FAM REIT's $6.5 million mezzanine loan at a 13.3% interest rate to its joint venture partner partner's share of incremental project equity provides an appropriate risk-adjusted return on our capital, de-risks the project's equity capital requirements, and allows the REIT to increase its ownership to 80% in the project in the event the loan is not repaid. In the event that at least 50% of the mezzanine loan is not repaid, the put-call feature provides the opportunity for the REIT to increase its ownership to 100%.
On February 20, 2014, FAM REIT announced that it has formed a Special Committee comprised of its Independent Trustees, Chaired by Gary Samuel, FAM REIT's Lead Independent Trustee in response to Huntingdon's initiation of a Strategic Review as announced on February 19, 2014.
The Special Committee's mandate is to evaluate the impact of the strategic review, and if advisable, to respond to such review. While Huntingdon undertakes its strategic review, FAM REIT expects to continue to carry on normal operations with Huntingdon acting as its manager. Please refer to the disclosures contained in FAM REIT's final prospectus dated May 5, 2014 for additional information.
Other information
Information appearing in this press release is a select summary of results. The consolidated financial statements and management's discussion and analysis for the REIT are available at www.sedar.com and our website at www.famreit.com.
Footnotes
(1) | Net operating income, FFO - As Reported, FFO - Core, AFFO - As Reported, AFFO - Core, and earnings before interest, taxes, depreciation and amortization ("EBITDA") are not measures defined under International Financial Reporting Standards ("IFRS"). Management believes that these are useful supplemental measures, but may not be comparable to other REITs. Please refer to the REIT's MD&A for a description of these measures. |
(2) | The weighted average number of units outstanding used in the per unit calculations includes the weighted average of all REIT units and Class B LP units. |
(3) | The AFFO - Core pay-out ratio is calculated as total distributions divided by AFFO - Core for the period. The AFFO - Core pay-out ratio, net of DRIP reflects the actual amount of cash paid or payable after taking into account unitholders who have elected to take their distributions in the form of trust units instead of cash. |
(4) | The interest coverage ratio is calculated as EBITDA for the period divided by interest expensed during the period. |
(5) | The leverage ratio is calculated as the average debt outstanding divided by annualized EBITDA. Debt consists of mortgages payable, vendor take-back loan, and the revolving credit facility at face value, excluding deferred transaction costs. |
(6) | The debt service coverage ratio is calculated as EBITDA divided by the debt service requirements for the period. Debt service requirements reflects principal repayments and interest expensed during the period. Payments related to defeasance, prepayment penalties, or payments upon discharge of a mortgage are excluded from the calculation. |
(7) | The indebtedness ratio is calculated as total debt divided by total assets at period end. |
About FAM Real Estate Investment Trust
The REIT is a diversified commercial real estate investment trust focused on owning and acquiring strategically well-located office, industrial and retail real estate located primarily across Canada's large population centres.

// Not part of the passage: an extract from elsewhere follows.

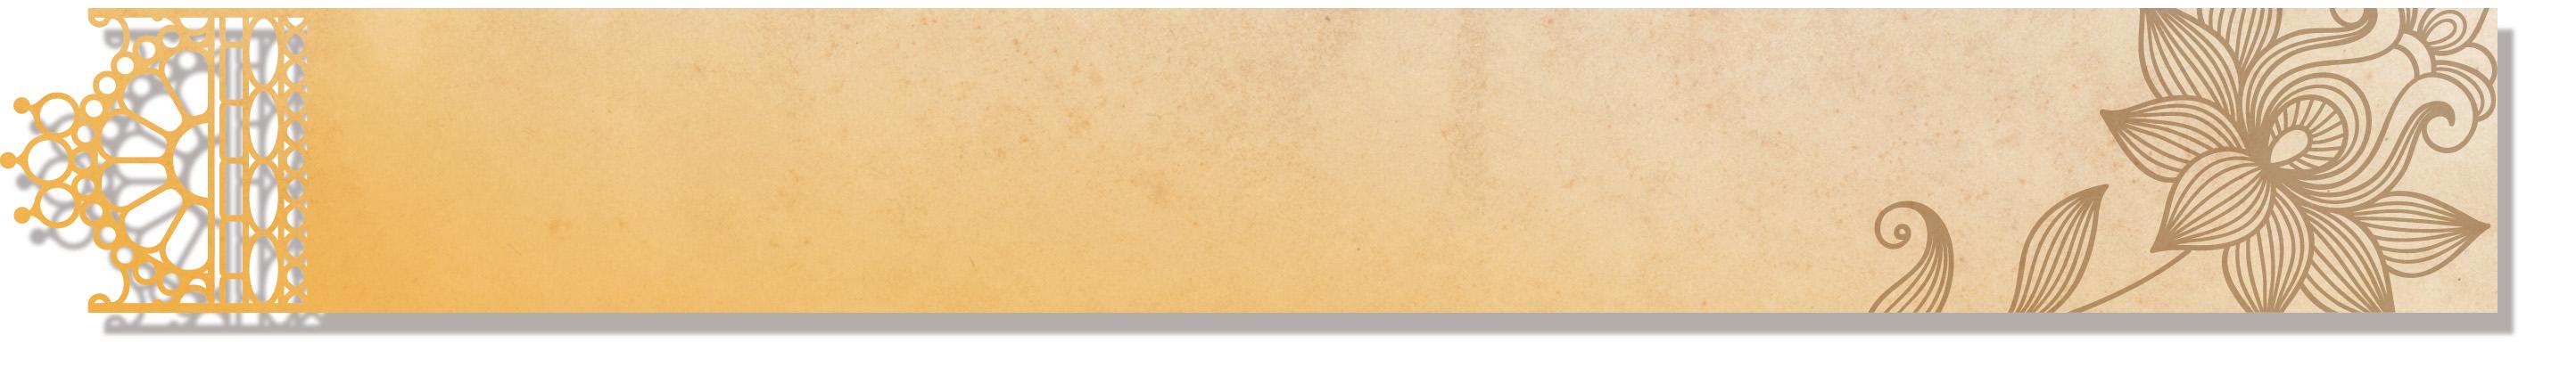 アーユルヴェーダ(インド伝承医学)のヘナ

Forward looking information
This press release contains forward-looking information within the meaning of applicable securities legislation, which reflects the REIT's current expectations regarding future events. Forward-looking information is based on a number of assumptions and is subject to a number of risks and uncertainties, many of which are beyond the REIT's control, that could cause actual results and events to differ materially from those that are disclosed in or implied by such forward-looking information. These risks and uncertainties include, but are not limited to, general and local economic and business conditions; the financial condition of tenants; our ability to refinance maturing debt; leasing risks, including those associated with the ability to lease vacant space; and interest rate fluctuations. Our objectives and forward-looking statements are based on certain assumptions, including that the general economy remains stable, interest rates remain stable, conditions within real estate market remain consistent, competition for acquisitions remains consistent with the current climate and that the capital markets continue to provide ready access to equity and/or debt. All forward-looking information in this press release speaks as of the date of this press release. The REIT does not undertake to update any such forward-looking information whether as a result of new information, future events or otherwise. Additional information about these assumptions and risks and uncertainties is contained in the REIT's filings with securities regulators, including its latest annual information form and MD&A.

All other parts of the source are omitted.